------ DATA SECTION
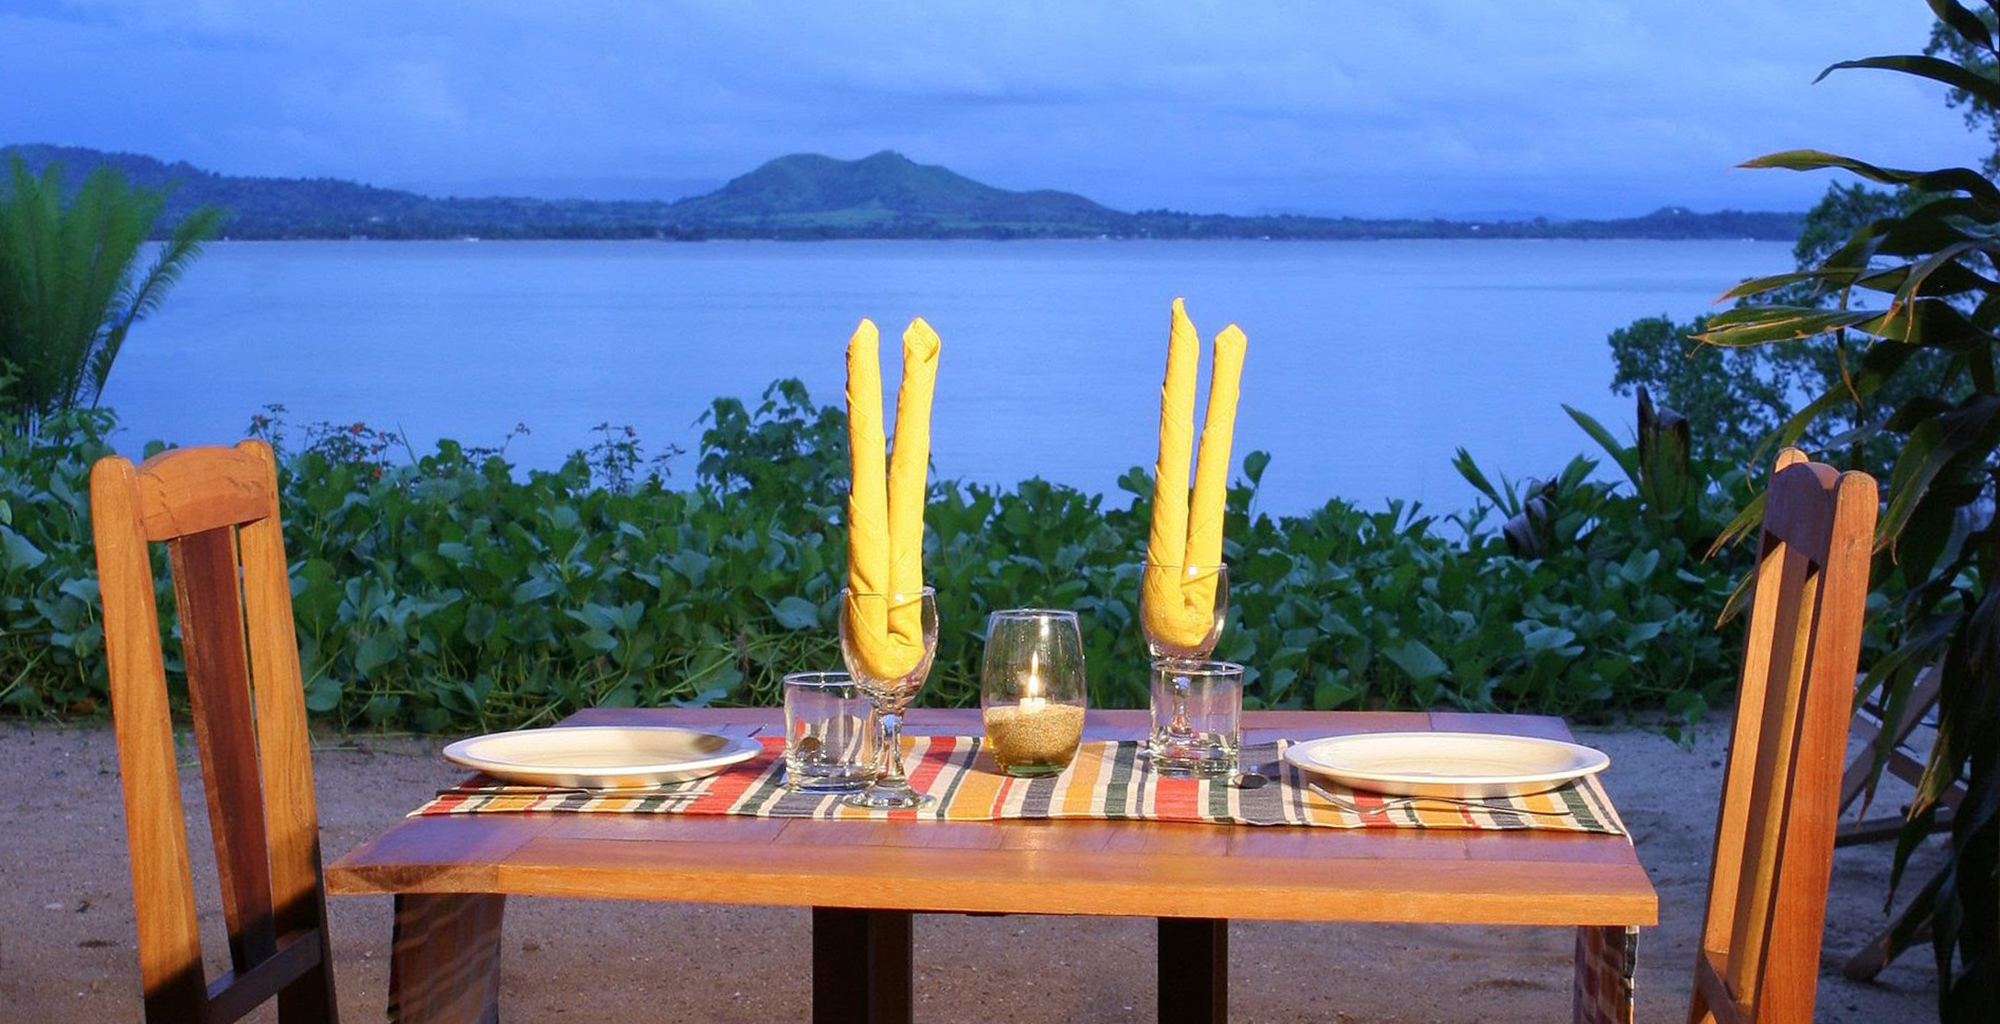 Madagascar-Sakatia-Deck-Dining
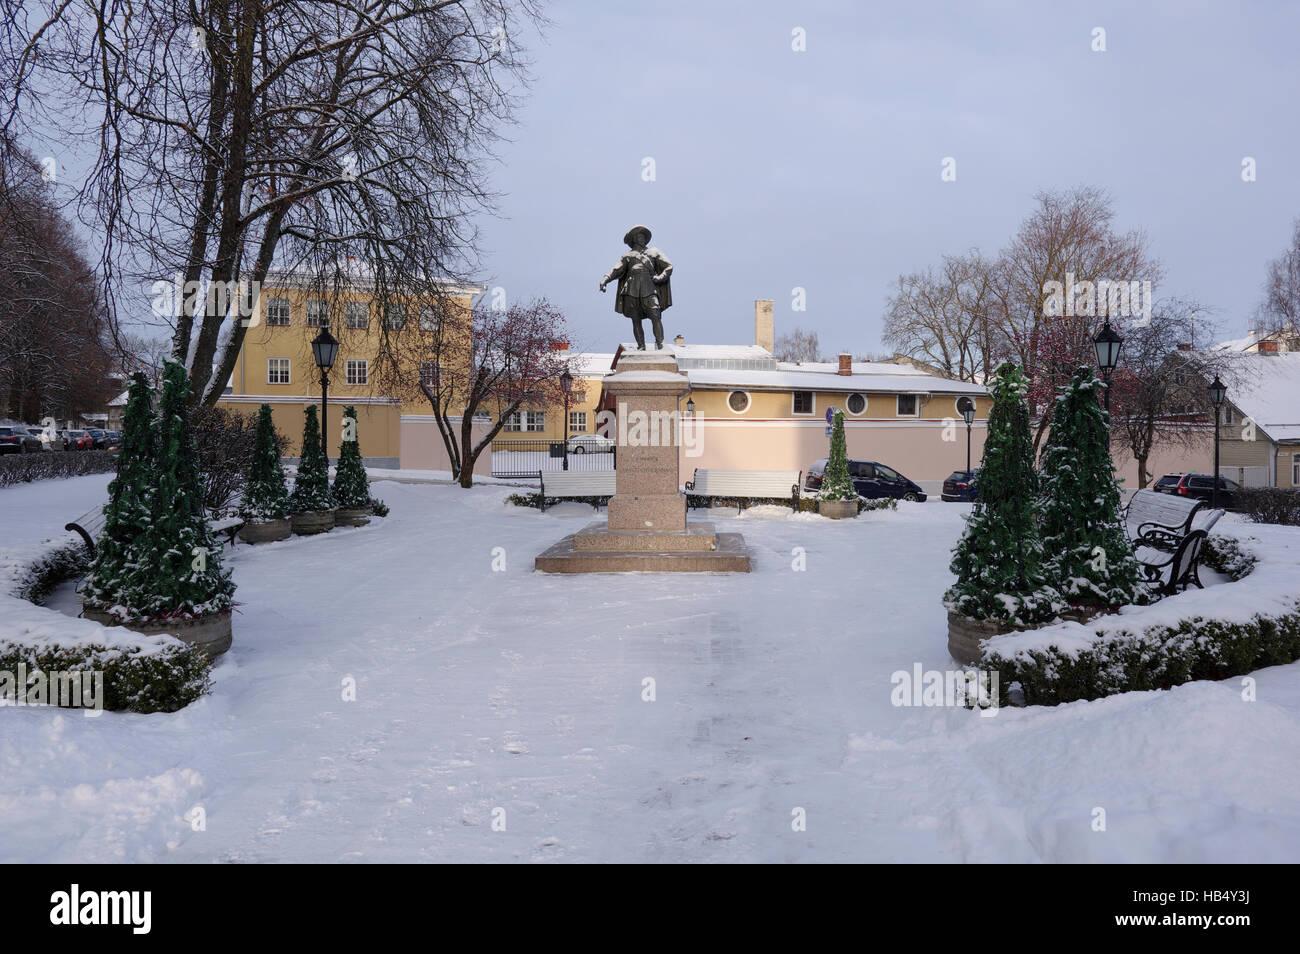 Statue of King Gustavus Adolphus of Sweden in Tartu, Estonia Estland Europe EU - Stock Image
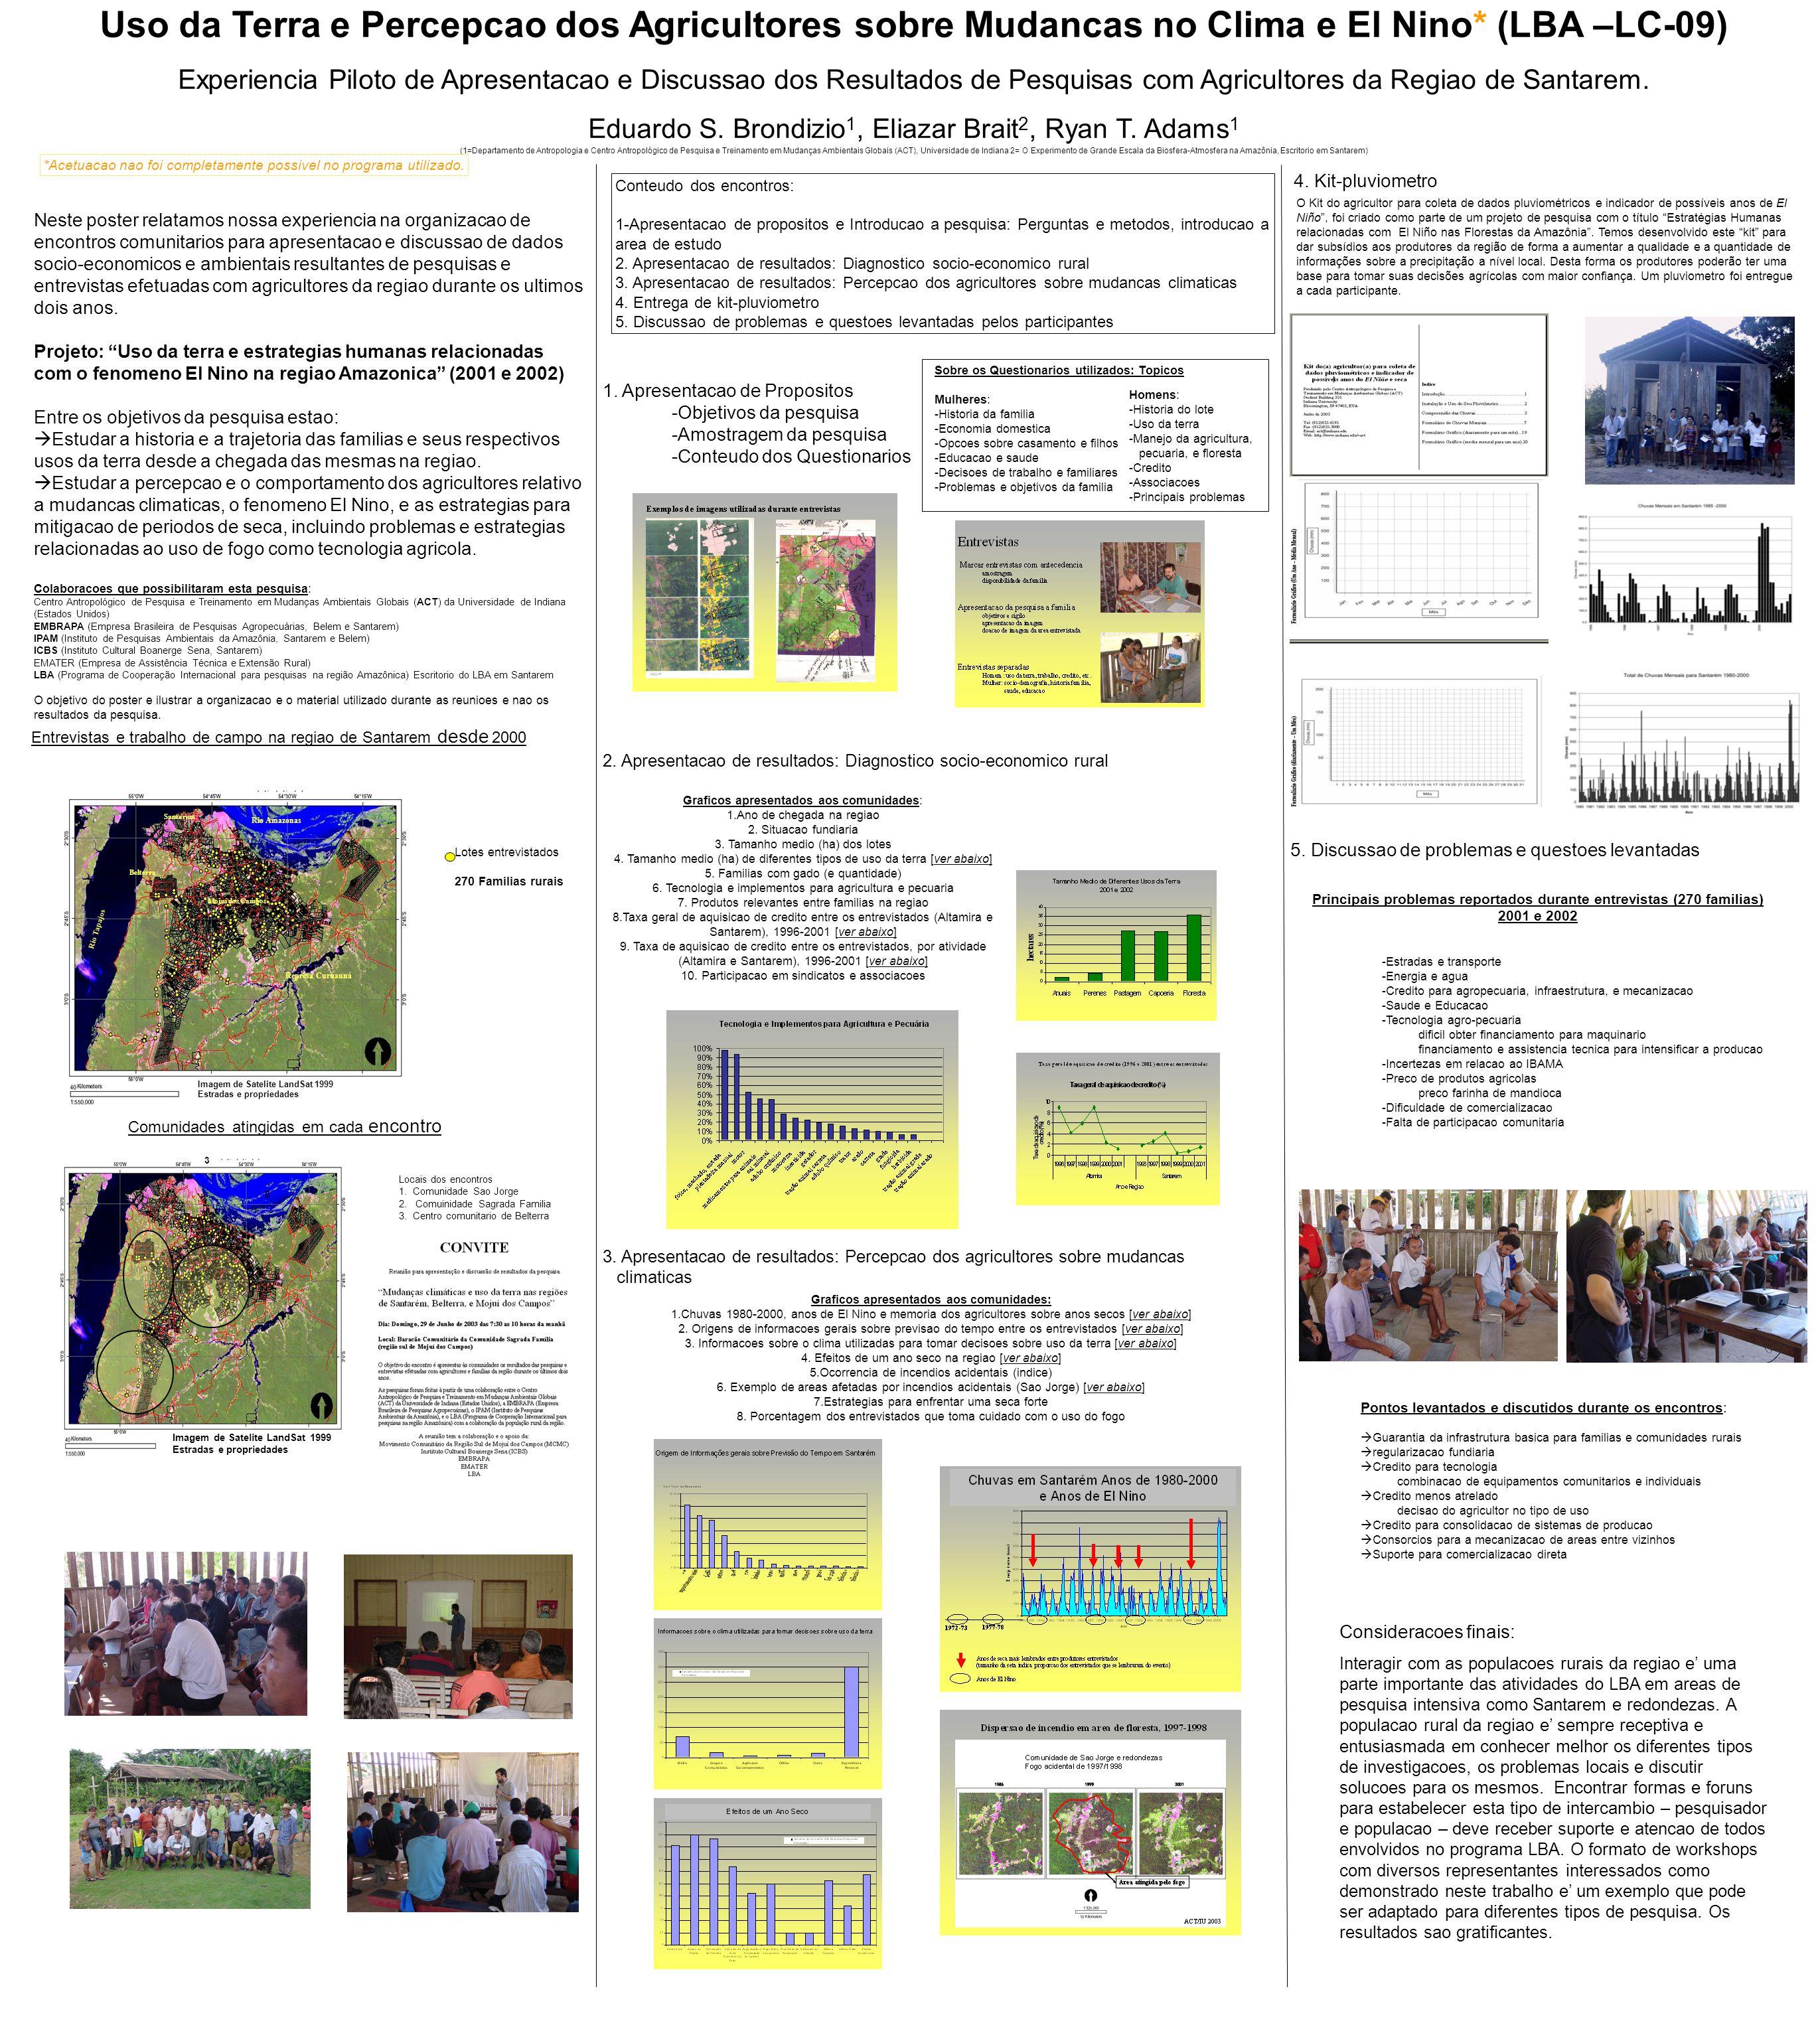 Neste poster relatamos nossa experiencia na organizacao de encontros comunitarios para apresentacao e discussao de dados socio-economicos e ambientais resultantes de pesquisas e entrevistas efetuadas com agricultores da regiao durante os ultimos dois anos.
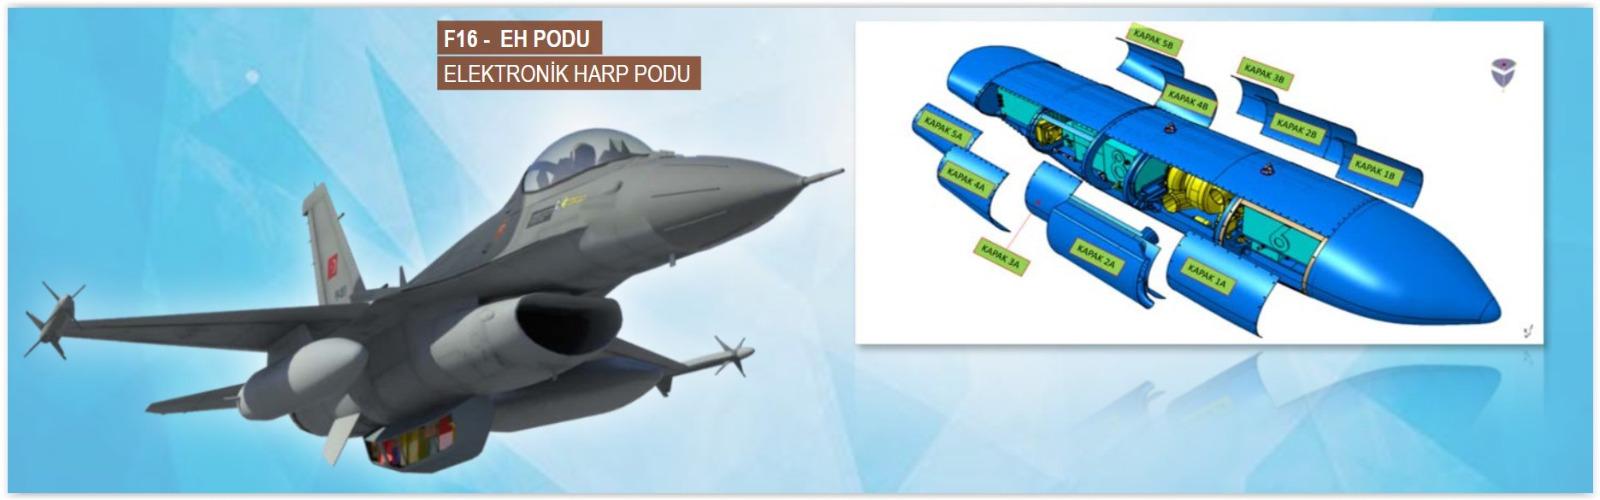 F-16 Uçağı Elektronik Harp Podu (EHPOD) projesinde Kritik Tasarım Safhası Tamamlandı!
------------
= BRIEF =
What is needed is the whole listing again, set down exactly, without its pictures.

= EXERCISE RESULT =
 Madagascar-Sakatia-Deck-Dining
 Statue of King Gustavus Adolphus of Sweden in Tartu, Estonia Estland Europe EU - Stock Image
 Neste poster relatamos nossa experiencia na organizacao de encontros comunitarios para apresentacao e discussao de dados socio-economicos e ambientais resultantes de pesquisas e entrevistas efetuadas com agricultores da regiao durante os ultimos dois anos.
 F-16 Uçağı Elektronik Harp Podu (EHPOD) projesinde Kritik Tasarım Safhası Tamamlandı!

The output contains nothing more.